I had a lot more hits, but the collateral was always below the default tx fee, so these are OK I suppose.

So you have a fix available? - Edit: I see, issue 1261

[vikramrajkumar]

@pmconrad I have made the simplest change which is to calculate interest at construction as it would be in 1 block interval from the current head block. This means that the full debt at confirmation should never be more than assumed at the time of construction. So when fully covering, either the full debt should be paid or the transaction should fail to confirm.

However, it occurs to me that it could be possible that the transaction ends up in an earlier block if there is some bad forking occurring, and so we are stuck with the same problem.

The intent of the new pay_fee op mentioned in #1216 is to explicitly specify the intended fees to be paid to the network, so that a transaction will fail to confirm if something else happens, such as in the above covers. I am open to better suggestions if you have any.

[vikramrajkumar]

Actually, it seems to me that we can just change the behaviour of the cover operation to directly return the collateral back to a balance record rather than expecting the transaction to collect it with a deposit.

[pmconrad]

Actually, it seems to me that we can just change the behaviour of the cover operation to directly return the collateral back to a balance record rather than expecting the transaction to collect it with a deposit.

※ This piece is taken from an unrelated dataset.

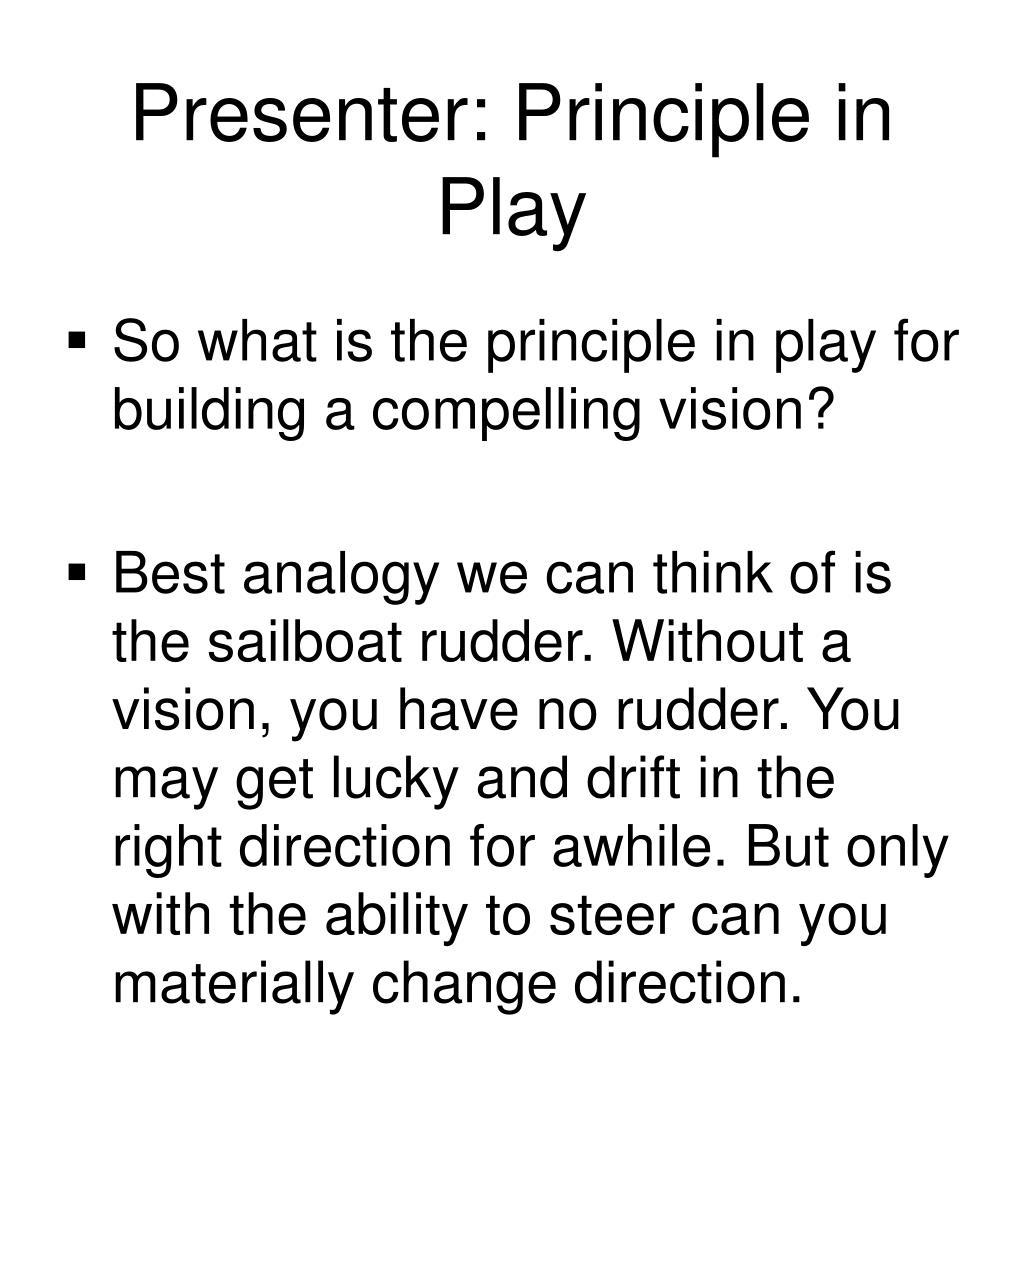 Presenter: Principle in Play

IMO that would be the cleanest solution.

[vikramrajkumar]

I agree; it does complicate transaction scanning somewhat but still worth it.

[abitmore]

The 9900327696 one is this: https://bitsharestalk.org/index.php?topic=13075.0

[vikramrajkumar]

On second thought, for now I will hold off on changing the semantics of the operation in the interest of not adding another special case to transaction scanning. Instead I have added the limit_fee op when submitting a cover to make sure you don't pay any unintentional base fee. Eventually I intend to always include this op when constructing transactions.

[vikramrajkumar]

List of the bad covers:

[1465854] ad834d88d0182437877b76cd9441fef8473282c0 | 9900337696
[1784071] ae650e10d059294a8650d6dc9a416f9f221d652c | 1519724081
[1787759] 25e0507e85f9327b3e278bbc74ecb0a895f3532b | 842772272
[1997389] 84ea9a317e33bbf92857c2cf625790c3314385fc | 38224355405
[1997761] 7591cbcd1004d2ce004ab879d053758151858fc3 | 38223298975
[2033726] 1ab1948ec79dafbbf01f6c1a4433d46cdc00c683 | 5881752070
[2033744] e7c2b2dcfde27106b3fd09490b2dc7b05c7a7663 | 6533027197
[2035009] eca547196fe581fd5a8df7039c1798645c5dc4ee | 181666
[2035524] 283904505e023aec2a1476482f5c3fbced4690d2 | 1292717
[2035530] fcada16c256cfebcb84e0c5f35619ee6ee3d6797 | 1078931
[2035536] 8b8453e1832365218751883308f6e46ad3bfbcf0 | 531511
[2035542] 1302ab731c01421a030639566208254eb0d9ae04 | 792457
[2035544] 60f29e25df60a2d608d9b4bfed7fadefec746710 | 1267062
[2035551] 8ae29dfebbfc9c4f1034383d103e39260ee30fc5 | 1366489

For a total of 1,011,317.78529 BTS.

[abitmore]

For a total of 1,011,317.78529 BTS.

Refund planned?

[vikramrajkumar]

Yes, will be coordinated soon once we confirm the new release is okay.